The Passage of Indian National Food Security Bill: A Means to Winning 2014 Election?
The much-debated Indian National Food Security Bill (NFSB) is set to be passed in the second part of the Budget Session of the Parliament Standing Committee in late April. Controversy surrounding the Bill has persisted since it was first tabled in December 2011. The NFSB is aimed at providing 5kg of wheat at Rs 3/kg, rice at Rs 2/kg, and millets at Rs 1/kg per person per month to 67% of Indian 1.24 billion population.
Critics have pointed out that the immense budget needed to implement the Bill would render it financially unviable. The existing inefficient distribution systems as observed in the ongoing food subsidy initiative Public Distribution System (PDS), and the less-than-satisfactory deliveries of other aid programs, such as the anganwadi schemes for mother and child, have drawn further scepticisms. Another source of consternation is the possibility of the government emerging as a major foodgrains buyer and price regulator. The legally binding nature of the Bill would compel the government to take necessary measures that may disrupt existing market mechanisms.
Amidst the contention, the Union Cabinet’s recent approval of the Bill and the full support from Prof K.V. Thomas, the Minister of Consumer Affairs, Food and Public Distribution, are remarkable. Prof Thomas expressed his confidence in the sustainability of the Bill by elaborating on India’s abundant foodgrains production and the prediction of an increase of yields in the coming years. He further cited the Bringing Green Revolution to Eastern India (BGREI) as an anticipatory measure against rising number of population. While his statement provides certain degree of assurance on supply, it does not address the main criticisms, particularly on financial viability and distribution systems, directed towards the Bill. It is not surprising, therefore, that the imminent passage of the Bill has increasingly been seen as a mere politically-charged election-winning strategy.

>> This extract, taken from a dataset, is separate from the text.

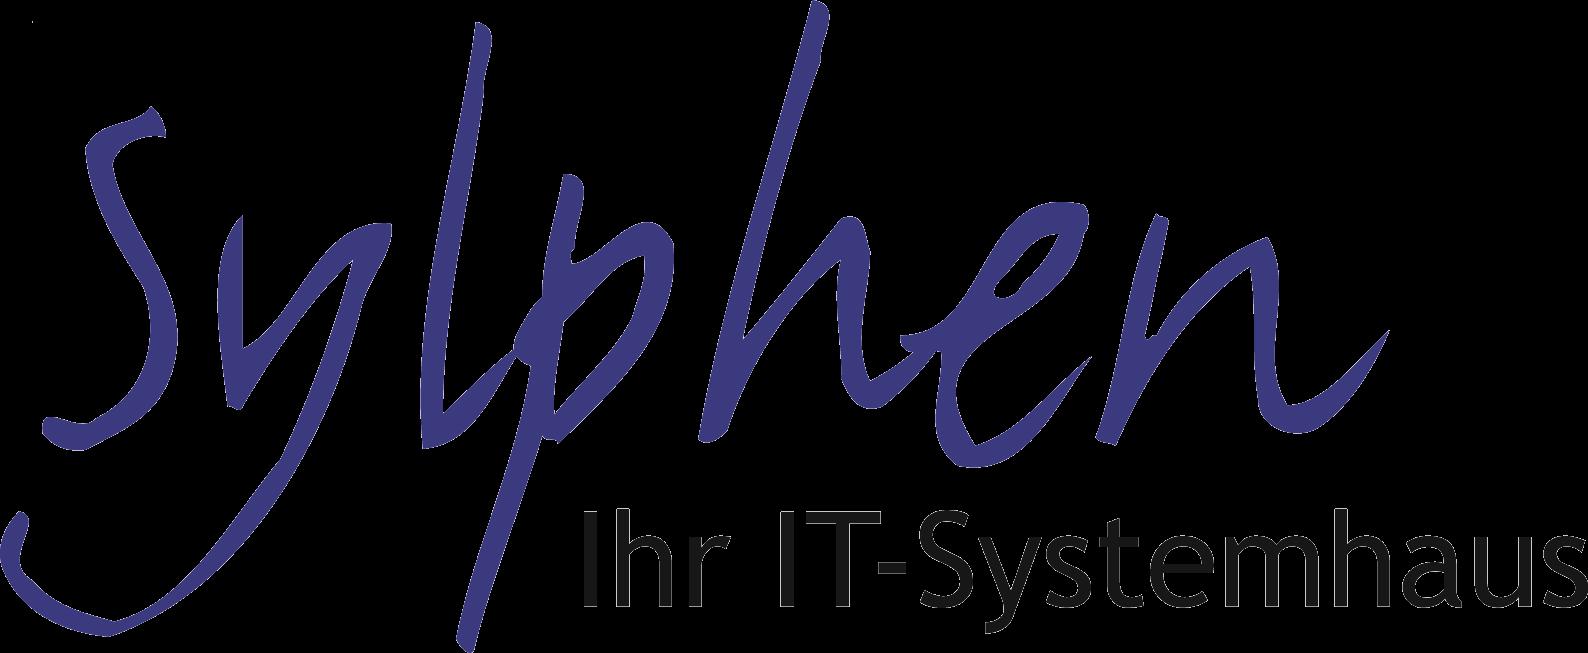 Sylphen IT-Systemhaus

Political factors indeed serve as one of the major driving forces behind the Bill. It is the flagship of the 2009 campaign promises of the ruling Congress-led United Progressive Alliance’s (UPA). The Congress, headed by Sonia Gandhi, therefore has a big stake in the passage of the Bill. The initial political trepidation was evident in the proposed Act being passed back and forth between the government, the Congress leadership, and the National Advisory. More importantly, Sharad Pawar, the Agriculture Minister and the chairman of Nationalist Congress Party, has opposed the Bill. He argued that with only 34% of Indian population living Below the Poverty Line, the 67% of total population coverage is ill-targeted. Considering that the Bill is inextricably linked with agriculture, Pawar’s lack of support is certainly intriguing.
The passage of the Bill regardless of all the irregularities therefore is suggestive of ruling party’s populist pandering. While the Bill may prove to serve as a big vote-getter in the 2014 election, whether or not it would truly benefit the 217 million of Indian malnourished is less than clear. With the absence of a comprehensive strategy aimed at addressing the many potential pitfalls, the upcoming government would undoubtedly face enormous tasks in turning the Bill into reality. Should the Gandhi-led party continue to stay in power, the success or failure of the NFSB would be an important determinant to its fate in the subsequent election.